Bret Easton Ellis’ latest novel, Imperial Bedrooms, is his first book since Lunar Park in 2005; and it is a sequel of sorts to Ellis’ very first novel, Less Than Zero, which made him famous or notorious upon its publication in 1985, when he was just 21. The new novel is retrospective; it looks at the characters from Less Than Zero twenty-five years later, when they have gone from being spoiled, bored, and passive college-age kids to middle-aged people of power and influence in Hollywood. Imperial Bedrooms is also an exercise in what can only be called Hollywood Noir; it’s rooted in this genre, and reflects back upon it, in the same way that Lunar Park was rooted in and reflected back upon the John Cheever-style suburban anomie novel and the Stephen King-style horror novel.

Imperial Bedrooms begins with the narrator Clay (who was also the narrator of Less Than Zero) complaining about the way “the author” of Less Than Zero played with his feelings and violated his privacy. While conceding that the earlier book “for the most part was an accurate portrayal… there was nothing in it that hadn’t happened” (3), Clay nonetheless portrays “the writer” of the earlier book as very nearly a stalker, and certainly an exploiter: “he was simply someone who floated through our lives and didn’t seem to care how flatly he perceived everyone or that he’d shared our secret failures with the world” (4-5). From this, Clay goes on to dissect the film that was made from Less Than Zero, and which notoriously turned the novel into a feel-good tale of Hollywood redemption. Clay makes much of the way the movie transformed him from a passive, continually high, and bored observer into “the movie’s moral compass, spouting AA jargon, castigating everyone’s drug use” (7). In the movie, Clay tries desperately to rescue his former best friend Julian, who is falling into an abyss. In actuality, though (i.e. in the original book), Clay had just watched passively, without lifting a finger, as Julian drifted into prostitution, heroin addiction, and general self-abasement. Julian dies in the movie “while a choir soared over the sound track” (9), because being “punished for all of his sins” is “what the movie demanded,” indeed “what all movies demanded” (8). But this, of course, does not happen in the novel Less Than Zero, or in the actuality that Clay is describing for us in Imperial Bedrooms. Rather, “the real Julian Wells was murdered over twenty years later” — in the course of Imperial Bedrooms, as we will eventually learn — “his body dumped behind an abandoned apartment building in Los Feliz after he had been tortured to death at another location” (9).

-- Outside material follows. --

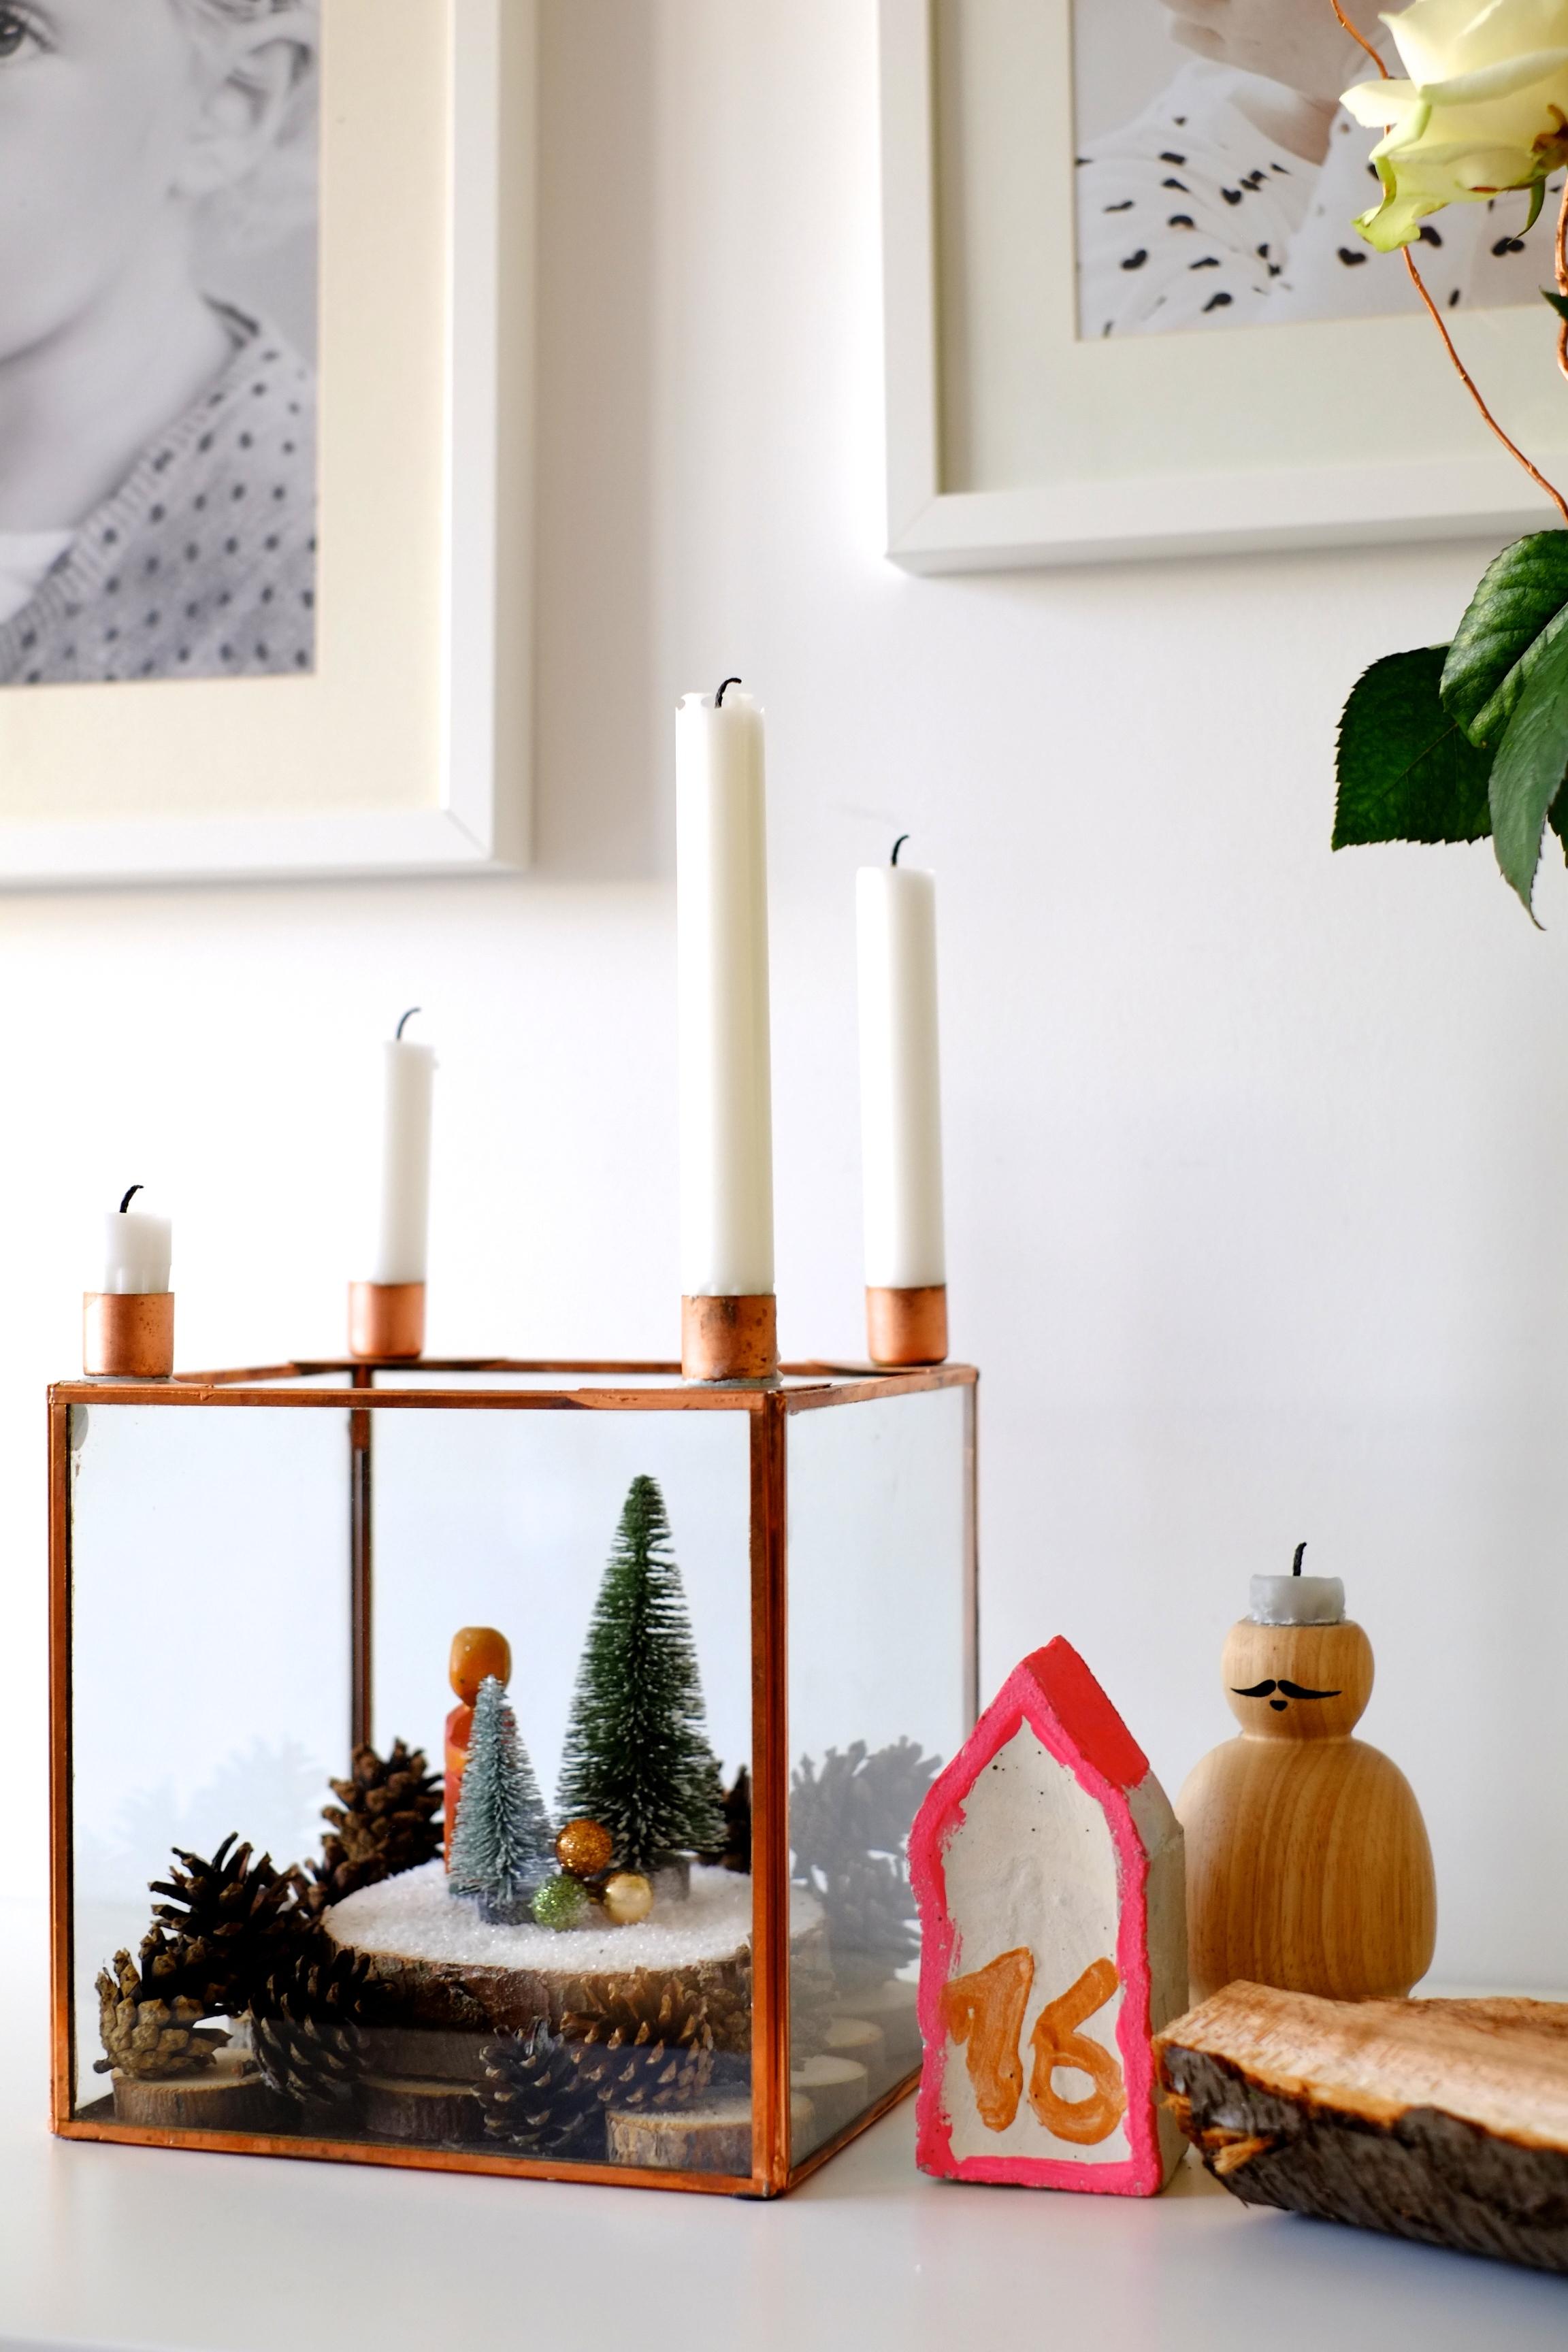 5 dinge im november herr und frau krauss shop und blog. Black Bedroom Furniture Sets. Home Design Ideas

In these opening pages, we get the same sorts of impossible displacements, and metafictional arabesques, that were major elements of American Psycho and Glamorama, and that also fueled the opening chapter of Lunar Park, with its scathing and hilarious dissection of the life and literary career of “Bret Easton Ellis.” However, after these opening pages, the novel at least seems to play things pretty much straight. Once he’s established his point in the opening pages, Ellis no longer calls attention to the metafictional games and multiple media references — not because he has returned to some prior or more solid sense of “reality,” but precisely because the ubiquity of the mediasphere, the remediation and premediation of everything, and the indistinguishability of so-called “real life” from the movies (at the very same time that movies are ideological lies about the actualities they depict) are now so banally self-evident that they no longer need to be highlighted or called attention to; they are simply part of the book’s (and of our lives’) taken-for-granted background.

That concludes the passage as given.